Peltz’s words were echoed by Brian Cocchiere, who has been involved in drilling across the West and testified as a representative for PDC Energy, Colorado’s third largest driller. “These are the strongest rules in existence,” he said.

The support for the regulations – endorsed by both the Sierra Club and the American Petroleum Institute – was the product of months of intensive negotiations that didn’t conclude until Tuesday night.

“We learned we have a lot of similarities when it comes to protections,” Cocchiere said. Peltz and Cocchiere both said the deliberations were “fun.”

After a well is drilled, metal casing or pipe is placed down the hole and cement poured between the outside of the casing and the edge of the well. The casing and cement are designed to keep oil and gas in – especially when passing through groundwater formations – and keep water and foreign material out of the well.
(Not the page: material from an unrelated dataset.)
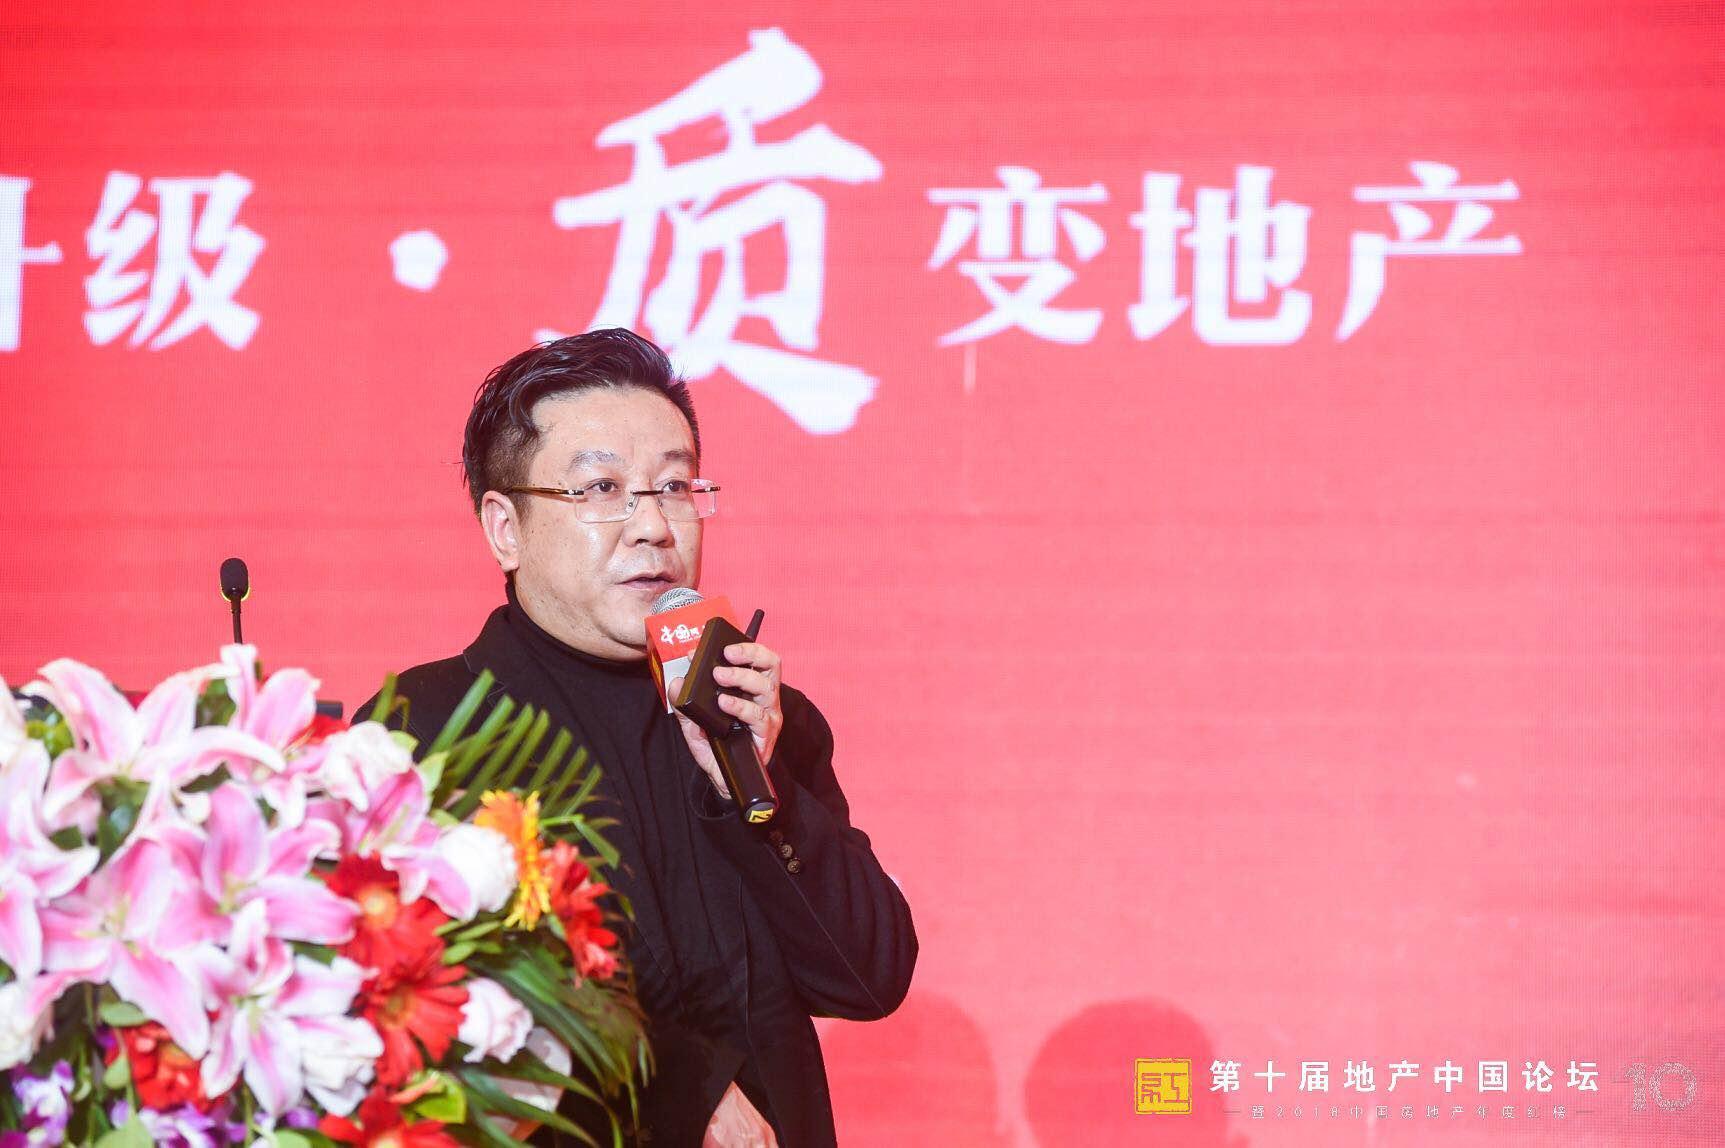 刘宏:新旅居模式下 企业如何形成规模效应?-中国网地产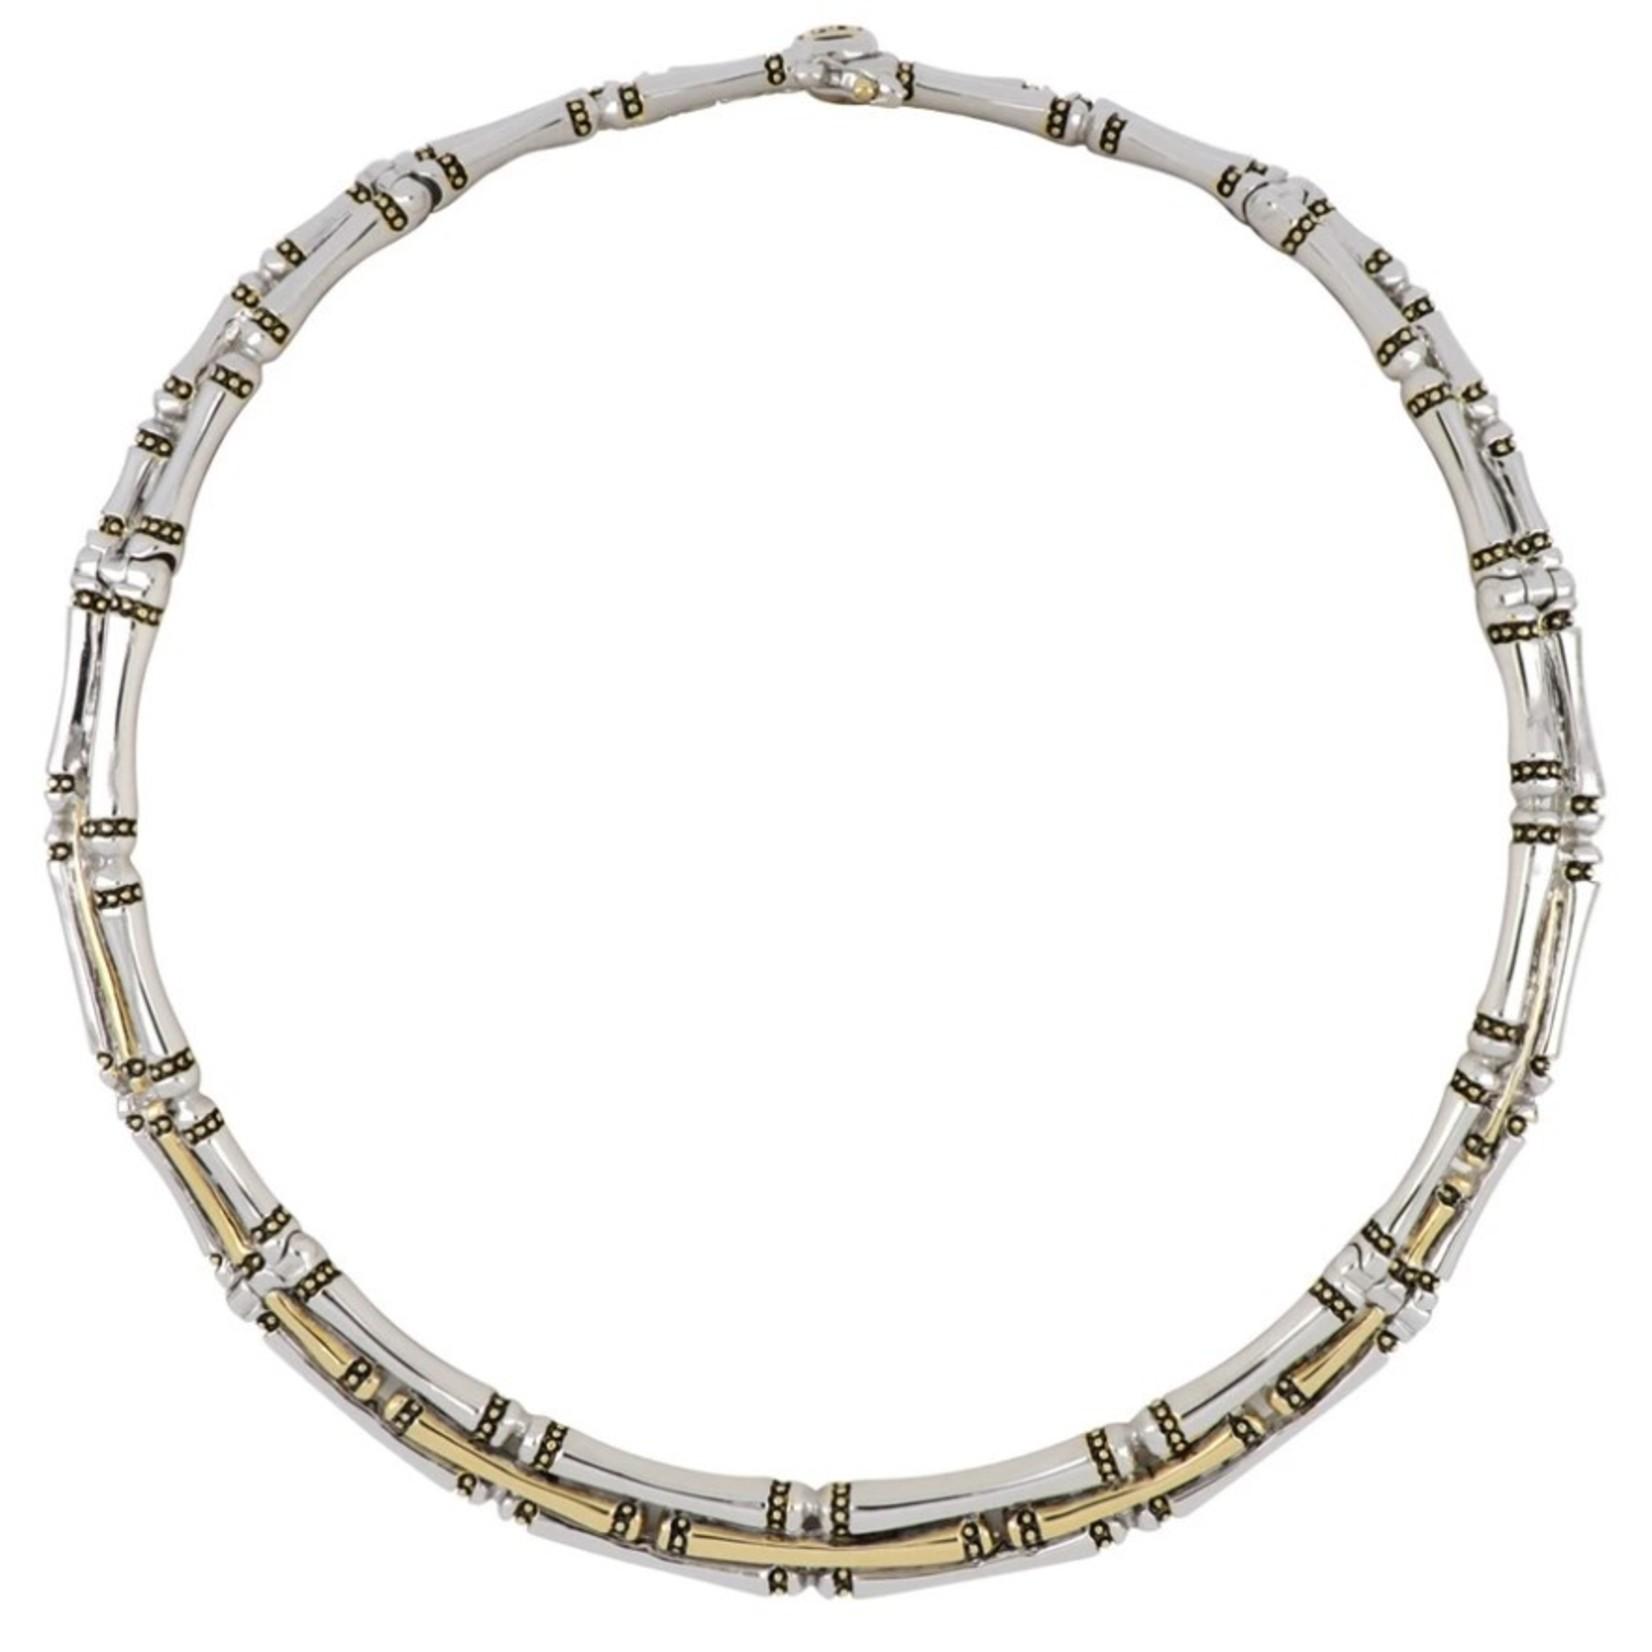 John Medeiros John Mederios Canias 3 Row Necklace

The new rules double the minimum length a well must be cased to 10% of its depth and also increases the amount of cement used.

Steel casings must be tested before going into the well, and additional checks on the cement job are required.

Groundwater zones have to be protected with casing and cement jobs, especially groundwater formations that are being used for drinking water or could be in the future.

COGCC Chief of Staff Julie Murphy said “the most important step forward” was the requirement for more comprehensive pressure tests on wells, including that all 52,000 wells in the state be tested at least once a year.

Murphy called it a “health check” on the state’s wells.

The pressure tests are a way of gauging if the wells are intact and performing and can withstand the rigors of operation, including hydrofracturing, or fracking, when large volumes of fluid are pumped into the well under pressure.

The rules also increase transparency on operations so local governments, water-well owners and the public can find out what precautions are being taken on individual wells to protect groundwater and drinking water supplies.

Commissioner Howard Boigon noted that the regulations were the product of a process that began in 2017 after a leak in a well pipe caused a house in Firestone to explode, killing two people and severely injuring a third.

Then-Gov. John Hickenlooper called for an independent audit of the state’s well integrity regulations, which became the foundation for the rules adopted Tuesday.

“This is a process to be honored and emulated,” Boigon said. “The fact that all the major stakeholders came together to craft these rules and work through their differences … is quite extraordinary.”